QFBEnv implicitly implemented current slew rate limiting since the actions were clipped to the range [-1,1]. A saturated action in QFBEnv is the maximum change in a quadrupolar field strength that the magnets can supply in the next time step. The normalised action space represented the fraction of the total allowable current rate in the magnets. Every step was also assumed to occur every 80 ms, which corresponds to the QFB controller frequency of 12.5 Hz. Therefore a normalised action of one on a magnet with a maximum current rate of 0.5 A s⁻¹ is equivalent to a current change of 0.5 × 0.08 = 40 mA.

In addition, the PI controller used by the QFB was also re-implemented as a particular method within QFBEnv. This was done to provide a reference for the performance of a trained agent. The proportional, K_p, and integral, K_i, gains of the PI controller were set to low values by default as a conservative measure during initialisation of the QFB. To ensure a fair comparison, the PI controller was tuned using the Ziegler-Nichols method [14]: 1) K_i was set to zero; 2) K_p was increased until state oscillations were observed; 3) the latest value of K_p was halved; 4) K_i was increased until state oscillations were observed; 5) K_i was halved. The final gains for the PI controller implemented in QFBEnv were K_p = 1,000 and K_i = 2000.

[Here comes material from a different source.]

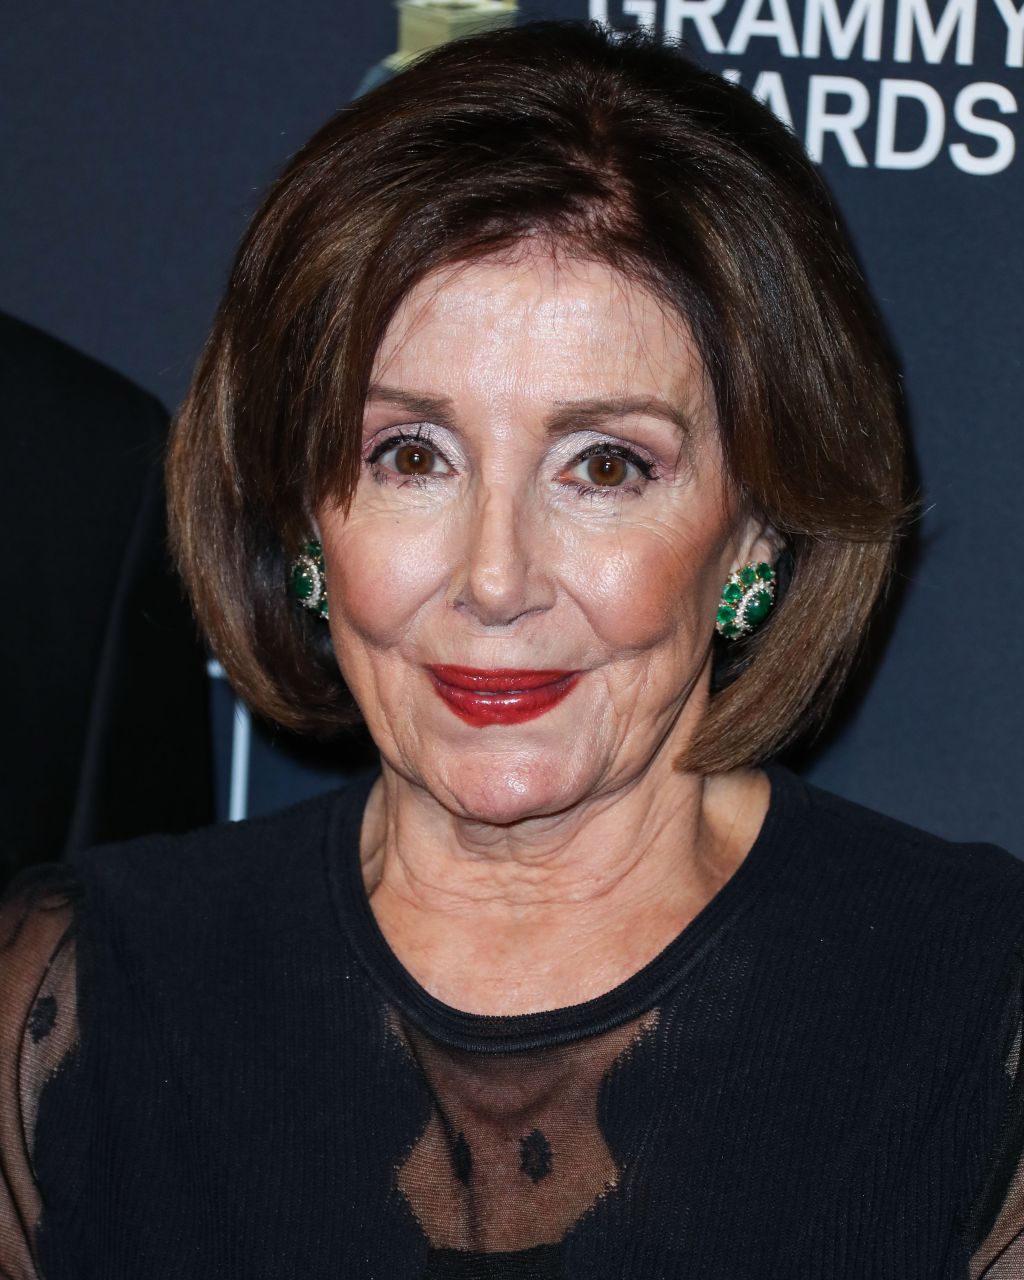 Nancy Pelosi arrives at The Recording Academy And Clive Davis&apos; 2020 Pre-GRAMMY Gala held at The Beverly Hilton Hotel on January 25, 2020 in Beverly Hills, Los Angeles, California, United States.

The PI controller was implemented with the global slew rate limiting. As an example, consider a quadrupole magnet, M, with a slew rate of 0.5 A s⁻¹. If a current change at 1 A s⁻¹ is requested for the next time step, all of the outputs of the PI controller are scaled by a factor k = 0.5 to accommodate M. The global factor k can be decreased if another magnet requires k < 0.5 to accommodate its respective slew rate. QFBEnv does not enforce the global scaling scheme by default, therefore any action within the [ − 1, 1] bounds are applied to the environment within the next time step.

QFBEnv implemented two important functionalities: 1) the reset function and; 2) the step function. The reset function is the entry point to a new episode, whereby a new initial state, (ΔQ_Hor.,0, ΔQ_Ver.,0), is generated and returned to the agent. The step function is responsible for accepting an action, following the transition dynamics of the environment and then returning a tuple containing: 1) the next state; 2) the reward and; 3) a Boolean flag to indicate episode termination. The reward was chosen to be the negative average quadratic of the state, as shown in Eq. 6.

r_{t + 1} = - \frac{1}{n} \sum_{i}^{n} {(s_{t + 1}^{(i)})}^{2} (6)

Since the goal of any RL agent is to maximise the reward, a perfectly trained agent would thus have a policy which reduces the tune error to zero. It is also important to note that the gradient of quadratic reward increases, the farther the state is from the optimal point. This reflects the importance of controlling a larger tune error with respect to a smaller error in the QFB, e.g., if ΔQ_H ≫ΔQ_V > Goal, the agent would put more importance on the correction of ΔQ_H. From trial and error, this shape of reward was observed to produce more stable training.

An episode is defined as starting from the first state initialisation until a terminal state is reached. A baseline optimal episode length was obtained by running 1,000 episodes using the PI controller. The measured average optimal episode length was $\approx 28 \pm 6$ steps. The maximum allowable episode length in QFBEnv was chosen to be 70 steps long, approximately double the maximum optimal episode length observed. Successful early termination in QFBEnv is defined as the latest five rewards being above a threshold. The threshold value of QFBEnv was chosen as a maximum tune error in both planes of 1 Hz. This is equivalent to $\frac{1}{25} = 0.04$ in normalised state space and the threshold reward can be obtained from Eq. 6:

r_{thresh} = - \frac{1}{2} (0.0 4^{2} + 0.0 4^{2}) = - 0.0016

Thus, a terminal state could be reached either by a successful early termination or after 70 steps were made without success. The successful early termination represents a real operational scenario, since the QFB is typically switched off manually when the measured tunes are close to their respective reference values. It also allows for more examples of the state below the threshold to be experienced by the RL agents, which leads to better learning close to the threshold boundary.

4 Training

Table 1 tabulates information about the types of RL algorithms which were trained on QFBEnv. The two algorithms which obtained the best performing policies were NAF2 and PPO. The training process of SAC, TD3 and AE-DYNA can be found in the Supplementary Material.

TABLE 1

TABLE 1. The RL algorithms attempted in this work along with their type of policies and whether they train a world model: Model-Free (MF) or Model-Based (MB).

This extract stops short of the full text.